I've got the best paleo mayo made in just 1 minute with an immersion blender. With the right ingredients and tools in hand, you'll be well on your way to creating thick, creamy and delicious paleo mayo. It is dairy free, soy free, paleo and Whole30!

Immersion blenders are AMAZING- I always use them when I'm making soups and stews, too- so convenient. Plus the cleanup is minimal: all you will need to wash is the blade of the blender (which detaches from the stick part!)
Why am I even making this paleo mayo recipe? Well, I started a Whole30 on Monday, and I have taken over the Whole30 Recipes Instagram page for the week.
There, I am sharing my best practices while Whole30'ing, recipes, and tips and tricks I have while grocery shopping, prepping food, etc.
One of my biggest secrets/tips would be to have a jar of this stuff in the refrigerator at all times. It's so dang versatile, and you're going to need all of those healthy fats during your journey!

Why you should make paleo mayonnaise at home
Sure, you can buy some awesome brands that are Whole30 compliant like Chosen Foods or Primal Kitchen Foods, but homemade paleo mayo is really quick and easy to whip up when you're pressed for time.
Besides, who has time to run to the store or wait for an order to be shipped to you nowadays? If I want paleo mayo, I want it here and now! 😉
You don't need much and chances are, you'll have the majority if not all of these ingredients already in your pantry.
I love mixing in different spices like: curry powder, some cayenne, garlic powder or turmeric into my homemade mayos! The possibilities and flavor combinations are endless. Pair it with your breakfast scramble, grilled meat & vegetables or use it as a dip!
What's awesome about this paleo mayo is that it can be used as the base in so many different recipes.

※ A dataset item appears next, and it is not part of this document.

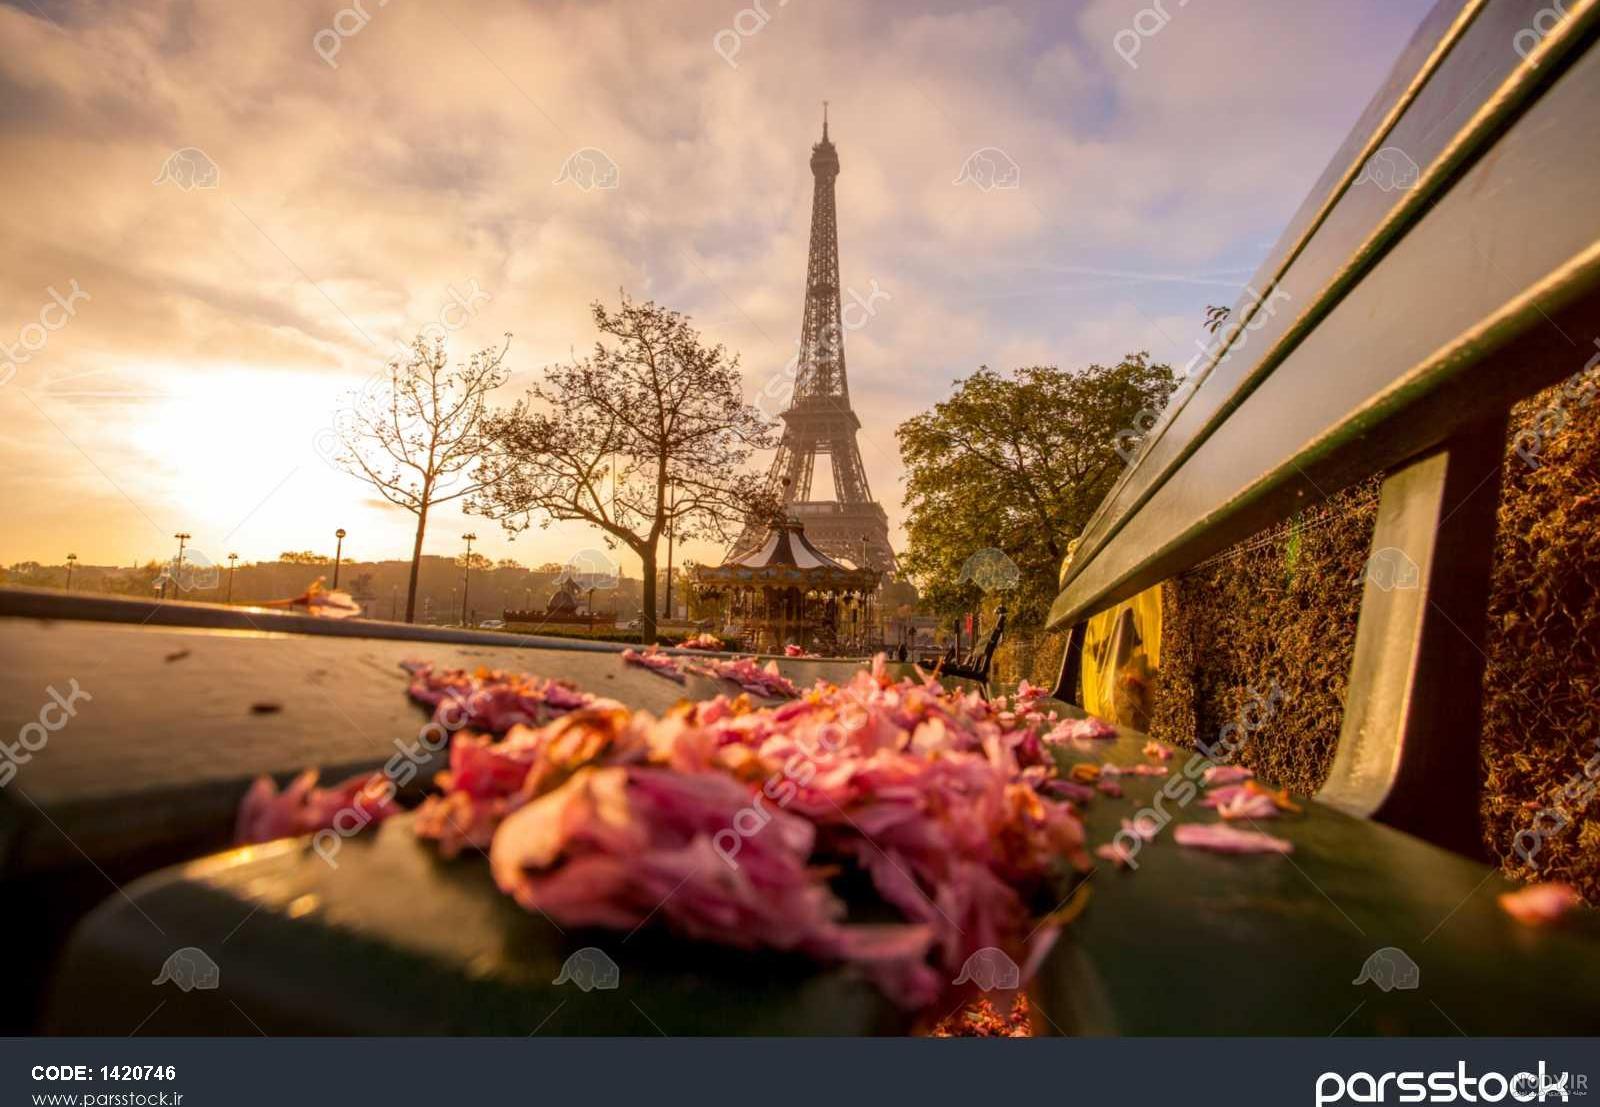 پاریس برج ایفل در یک روز روشن بهاری این تصویر رنگ آمیزی شده است ...

What's the deal with paleo mayo? Why is it all the rage? Before trying this mayo, I was unsold on ever being able to like mayonnaise.
Kraft mayo from the store- no, thank you. The taste comparison is incredibly different, and I'd never find myself dipping vegetables and homemade roasted potatoes in a bottle of Kraft mayonnaise.
However, I find myself slathering this goodness all over everything: I'm talking about scrambled eggs, roasted vegetables, chicken, etc.
The customization options are truly endless and you get to control how acidic or salty your mayonnaise tastes! Make it your own.

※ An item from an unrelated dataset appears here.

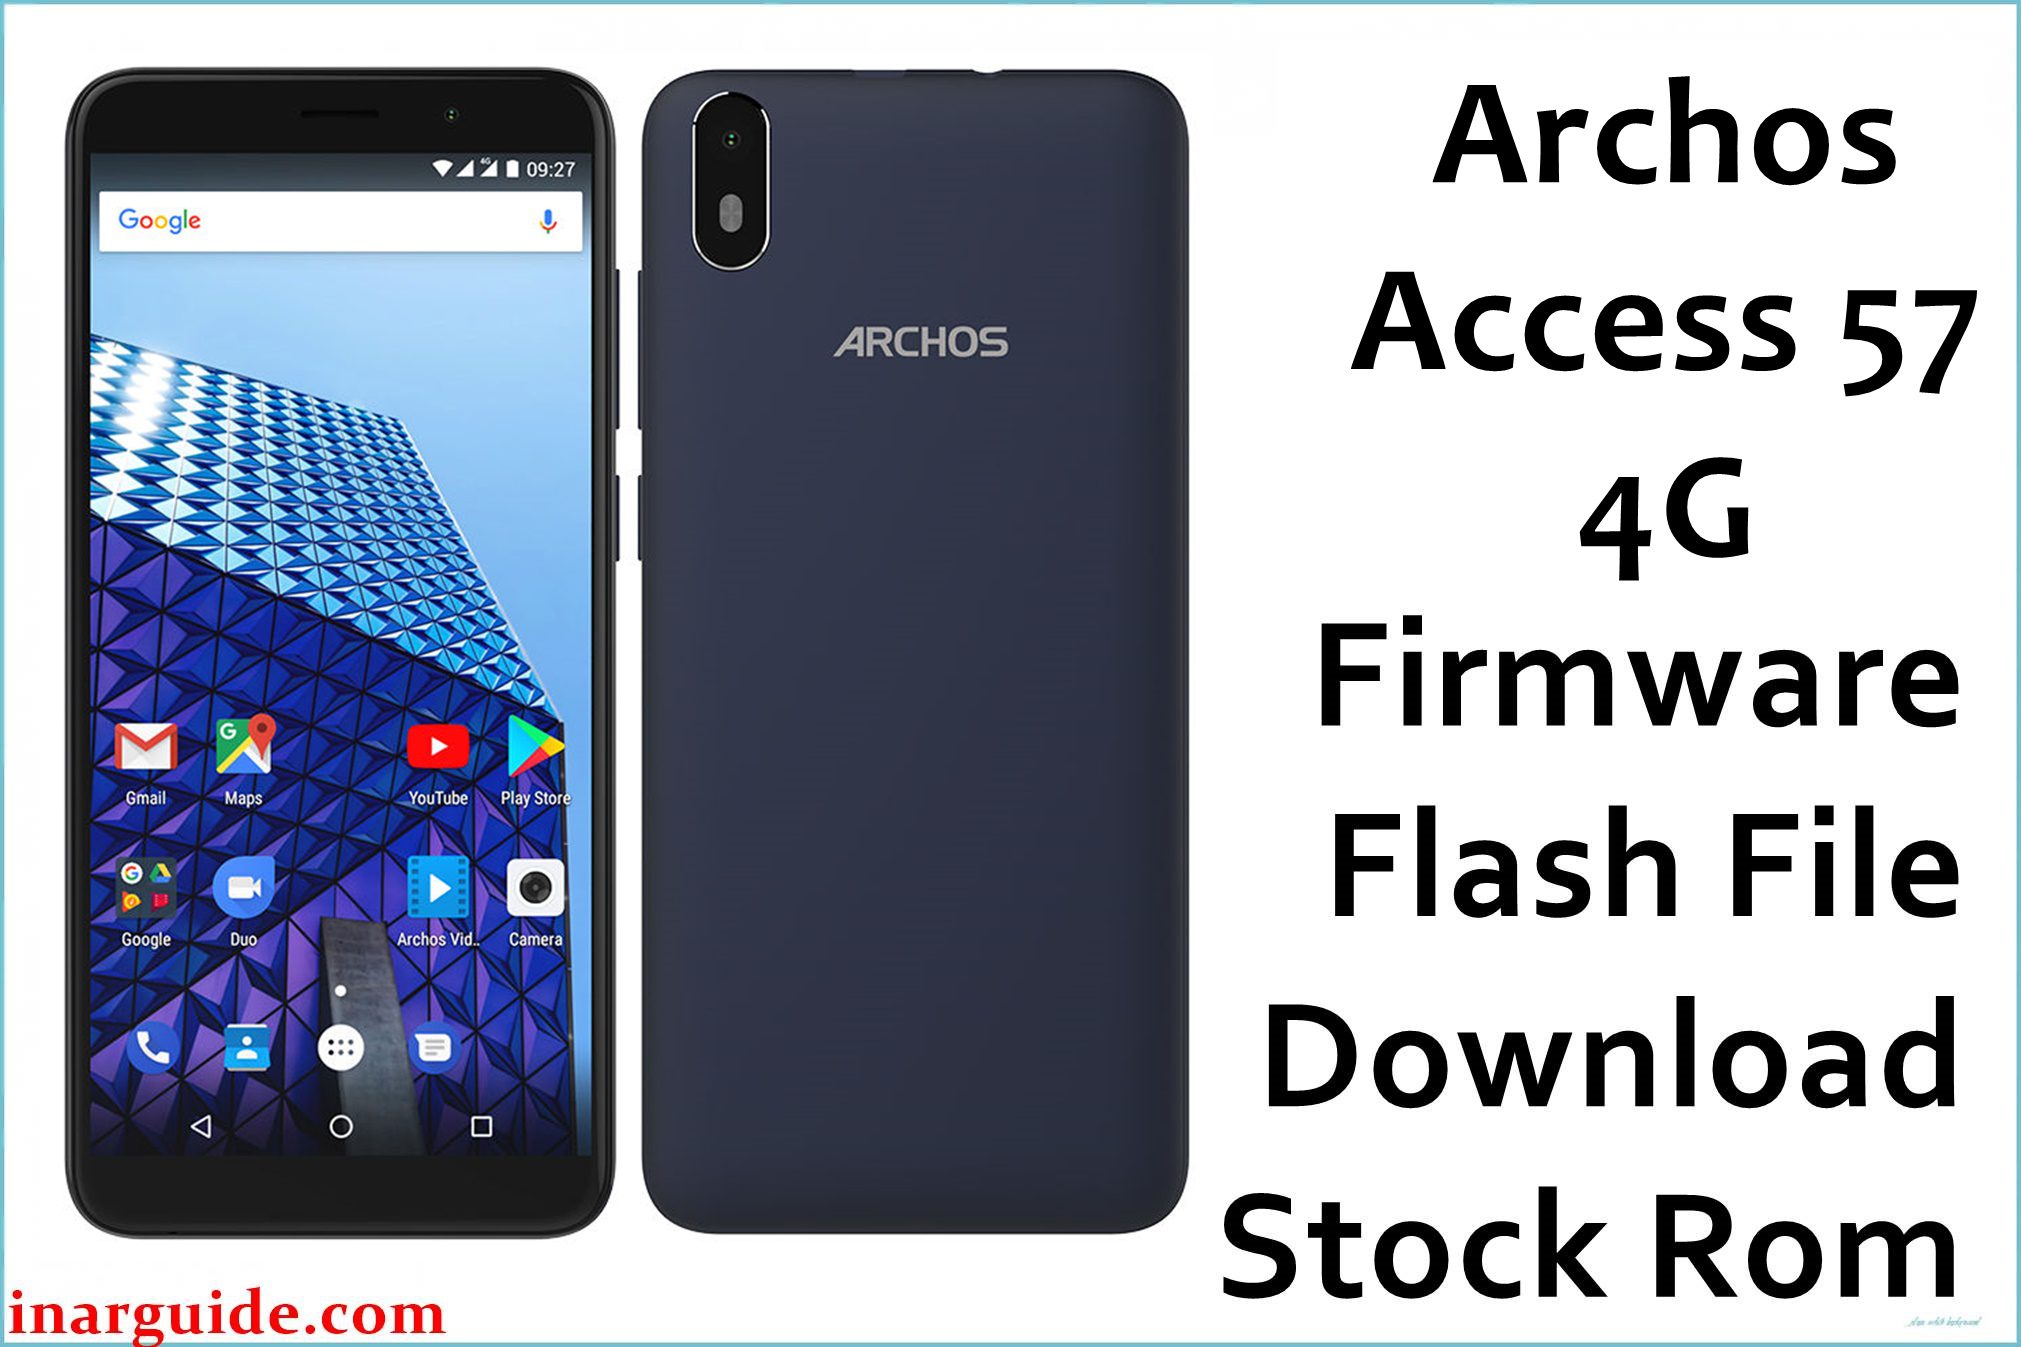 Archos Access 57 4G

Troubleshooting and frequently asked questions
Do I need to use mustard? You can make paleo mayonnaise without mustard, but it's important to note that mustard is one of the fail-safes I have added to this recipe to ensure proper emulsification.
Is it safe to consume raw eggs? I highly recommend purchasing from a farm or buying a brand at the market that you trust. Try to purchase organic, pastured eggs if at all possible. Be sure to keep your eggs refrigerated at all times.
Can I use olive oil instead? I would encourage you not to unless you can find a light-tasting olive oil. Otherwise, the pungent flavor will take over and you most likely will really not like the taste of the mayo.
What if I don't own an immersion blender? If it is in the budget to purchase one, please do yourself and go for it. If you don't want to buy one or don't own one, I've provided a tutorial for you to use a food processor or blender instead right here.

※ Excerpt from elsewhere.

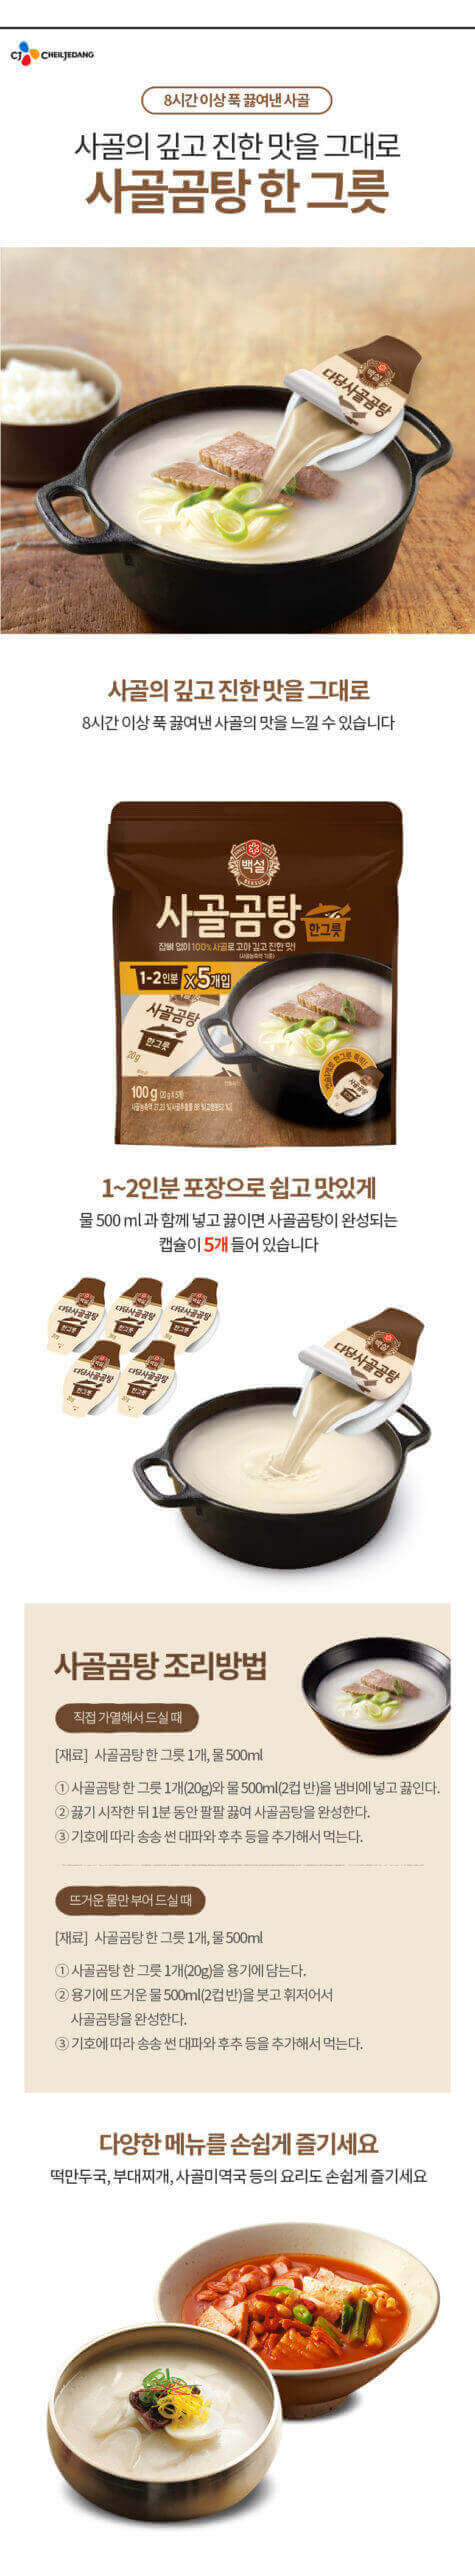 韓國食品-[CJ] 백설 사골곰탕한그릇 100g

How to make homemade mayonnaise
In a glass jar (see notes), pour in the avocado oil. Add egg to the oil and let the ingredients settle for 1 minute.
Take the immersion blender and let it touch the bottom of the container, piercing the egg yolk completely.
Turn the immersion blender on and leave it on the bottom for about 20-30 seconds, until the whole bottom has turned white in color.
VERY SLOWLY lift it up to continue emulsifying. This process should take anywhere between 30 seconds to 1 minute. Continue blending until the mixture has thickened to your desired amount.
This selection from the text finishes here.